Ты единственная в городе красивая женщина, а я единственный на земле саморожденец. Есть самоубийцы, а мне выпало стать саморожденцем.
Сначала были слова, и эти слова произнесла ты. Выпила вечером бутылку сухого белого, вышла на балкон, уронила с девятого этажа взгляд на полисадник с пальмами из пластиковых бутылок, проглотила позыв уронить вниз себя саму и шепнула:
- Да появись же!
Затем ты умылась и упала спать, не заглянув в телефон, который бесконечно звал тебя, чтобы показать сообщения от директора. Тот писал тебе о секретах удачных продаж, убеждая тебя, что ты слабая и неумная, а он всезнающий и всемогущий. Год назад, когда ты устраивалась, его секретарь так и сказала: «Он для нас бог!» Ты тогда улыбнулась, а уже через месяц поехала с ним в гостевой дом на слиянии Волги и Кистеги. На слиянии… Тебе нравится это слово и не нравятся слова «секс» и «ебля». Ещё больше не нравится «соитие». Или «совокупление». Первое звучит как тошнотное «кушать», а за вторым слышится голос Николая Дроздова и бегут кадры из мира животных.
Но слияния у тебя не было ни с кем. Были только секс, ебля, соитие и совокупление. Последнее как раз с директором.
Итак, ты уснула. При помощи вина ты научила себя засыпать мгновенно. Закрыла глаза и словно бы нажала «закрыть программы принудительно». Монитор погас.
Единственная в городе красивая женщина. С гибелью порта этот город кончился, как кончаются книги и фильмы. Среди оставшихся здесь нескольких тысяч женщин можно найти приятных и даже эффектных, но не красивых. Красивые, за исключением тебя, либо уехали, либо вообще не родились. У вас, у людей, это называется вырождением, а те люди, что говорят о преимуществе красоты душевной, те врут. Нет такой красоты, как нет у меня живой души.
В твоём городе остались суд, судебные приставы, прокуратура, следственный комитет, ФСБ, полиция, налоговая, казначейство, МЧС, больница, роспотребнадзор, санэпидемстанция, рыбнадзор, пять школ, дюжина детсадов, два училища, городская администрация, две сети аптек, три сети супермаркетов и четыре рекламных агентства, в одном из которых ты и работала. Работала и как-то находила клиентов, чтобы получать деньги, которых хватало на еду и вино, И чтобы не ходить босиком. Остальные твои коллеги за невыполнение плана ходили по офису босыми.

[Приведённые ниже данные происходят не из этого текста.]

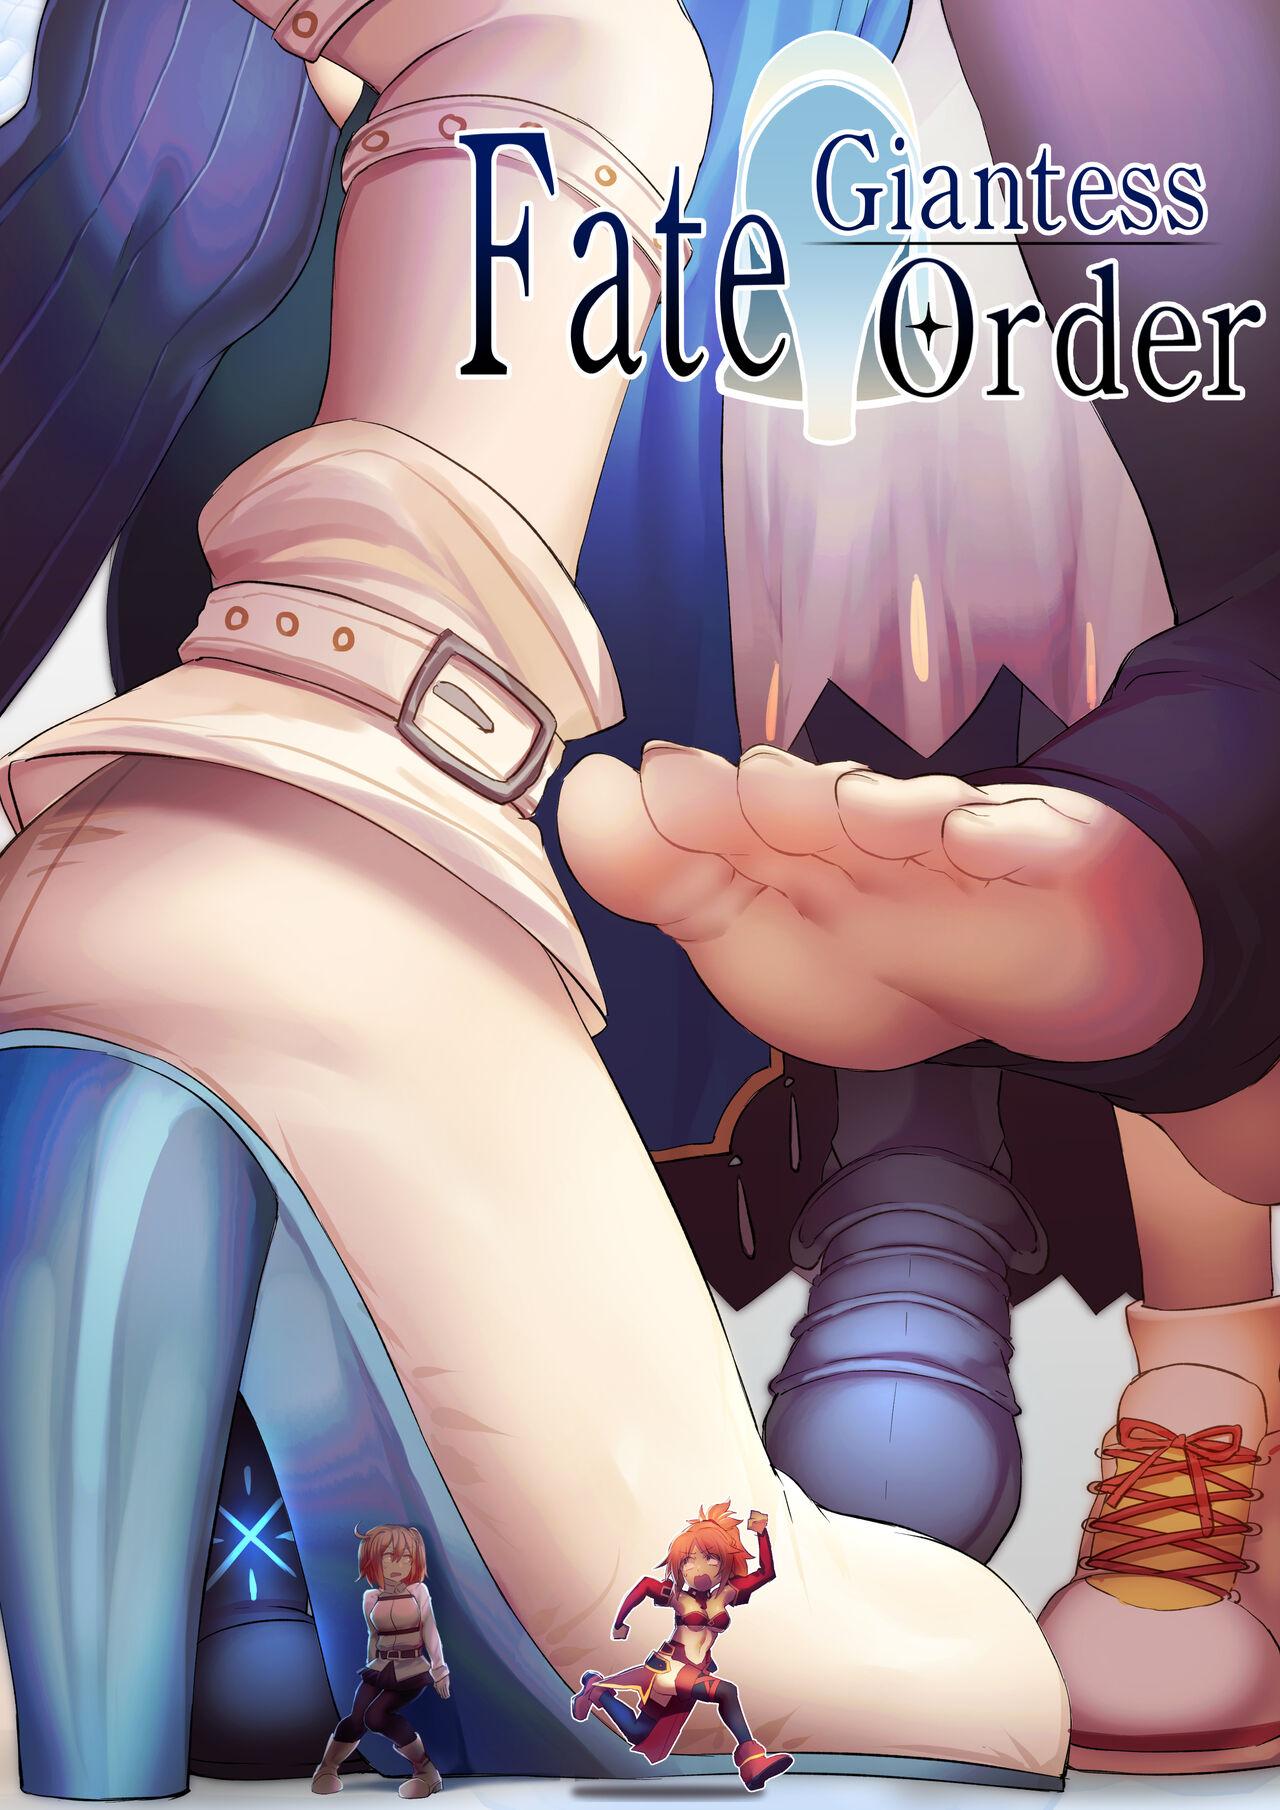 Fate/Giantess Order 0
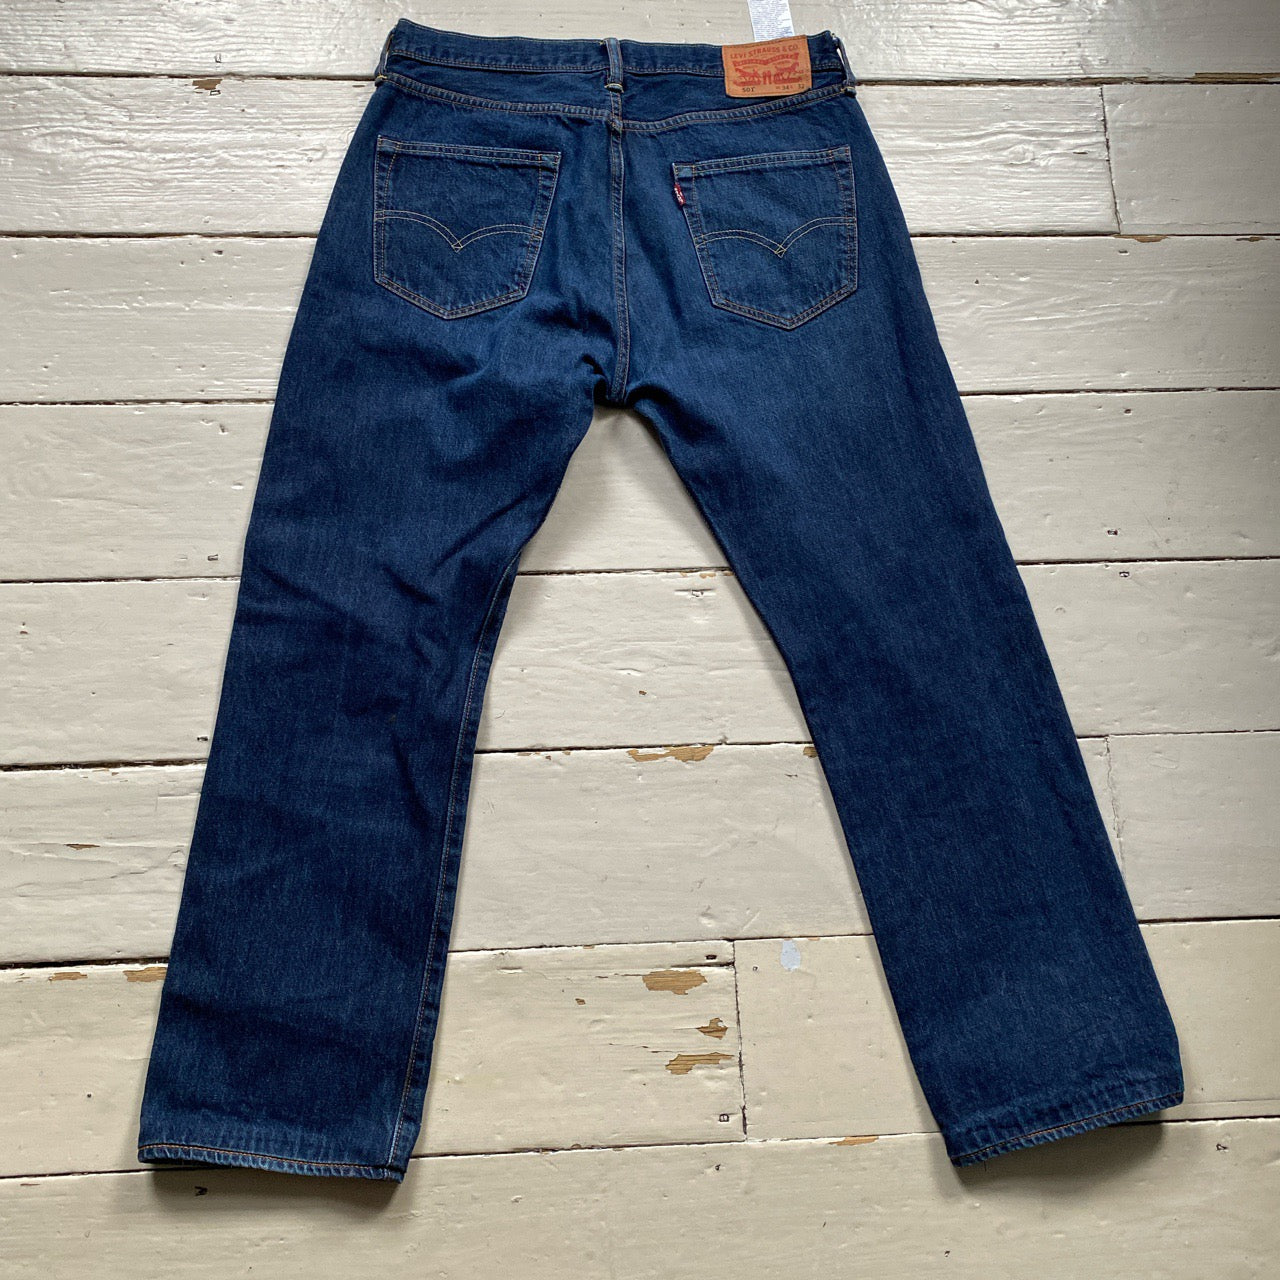 Levis 501 Navy Jeans (34/29)
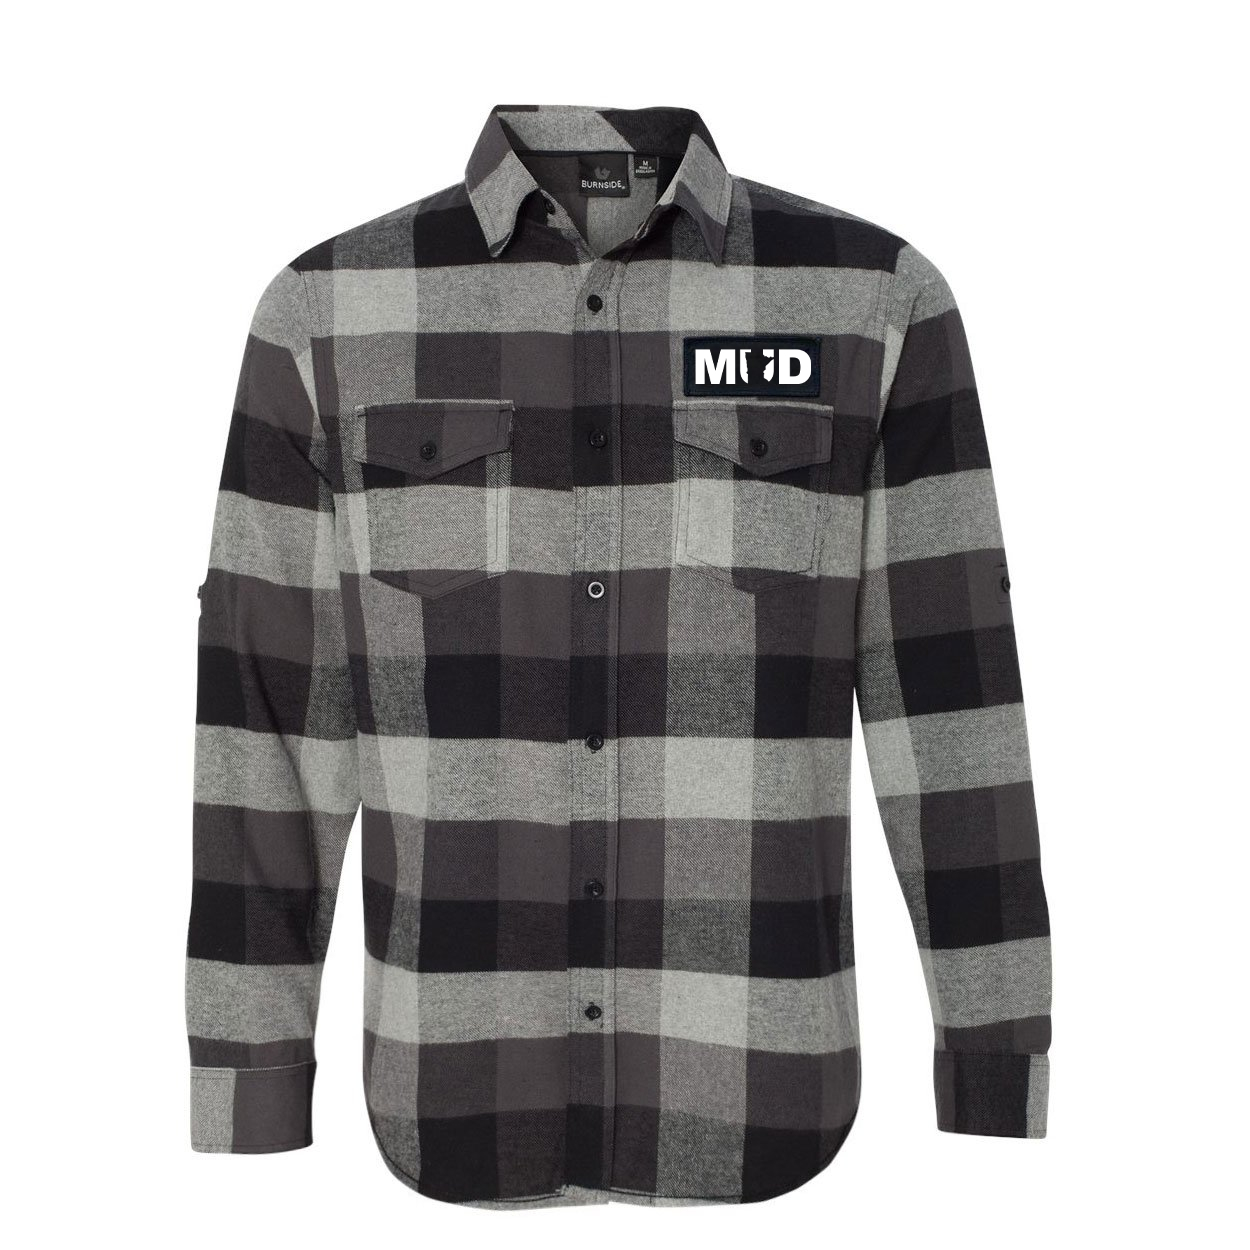 Mud Minnesota Classic Unisex Long Sleeve Woven Patch Flannel Shirt Black/Gray (White Logo)

Ты уже мертвецки спала, а я постучал в дверь. Звонок у тебя не работал. Стук получился оглушительным, потому что я впервые соприкоснулся с чем-то твёрдым, с чем-то вообще ощутимым, и не сразу понял, с какой силой надо взаимодействовать с ним.
Ты подбежала к двери со всклоченными волосами и глазами, налитыми чёрным сном. Спросила:
- Кто там?
Я ответил:
- Я.
Ты открыла.
- Неужели? – шепнула ты, выбежав босиком на площадку и проворно обняв меня.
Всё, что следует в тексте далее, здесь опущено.